Я стал рассказывать, что, если она помнит, еще в детдоме я немного рисовал, что когда нас отправили в ФЗО и когда мы его закончили и стали работать, я посещал художественную студию при заводском клубе и закончил вечернюю школу, а затем поступил в институт и стал архитектором, что уехал потом на родину, в Смоленск, отыскал там кое-каких родственников, что много и интересно работал творчески, что теперь я руководитель большой архитектурной мастерской в проектном институте, проектирую свой город и прилетел сюда в командировку. Фелицата Никандровна сидела тихо, как школьница на уроке, и слушала внимательно. Когда я закончил, она сказала:

— А мне почему-то, Гриша, казалось, что вы врач. И работаете в Казахстане.

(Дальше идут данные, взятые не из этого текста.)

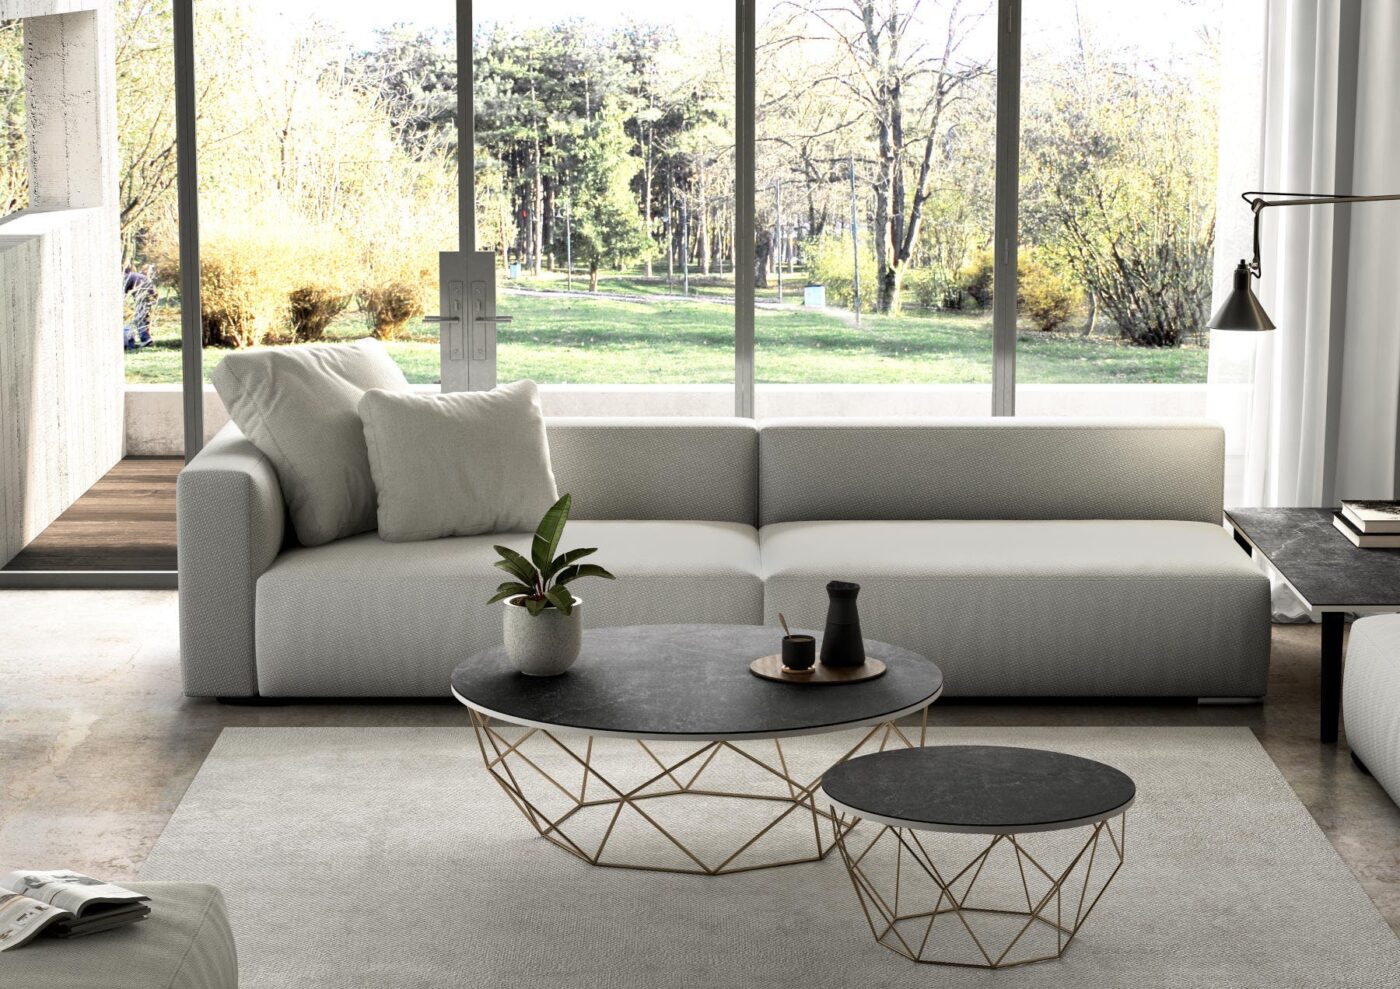 Image 17 of Mesa Dekton Slim Table Detalle Laos 2 1 in Spring at home: let’s make the most of it! - Cosentino

— Нет, нет! — запротестовал я.

— А в детдоме вы любили возиться со зверушками. Сусликов притаскивали, бурундуков, птенцов, — продолжала она.

— А-а! Нет, это Толька Майстренко! — догадался я, немного разочарованный тем, что Фелицата Никандровна не помнит меня, что спутала меня с другим. — Это он занимался! Правильно, он поступил в медицинский. А дальше я его судьбы не знаю.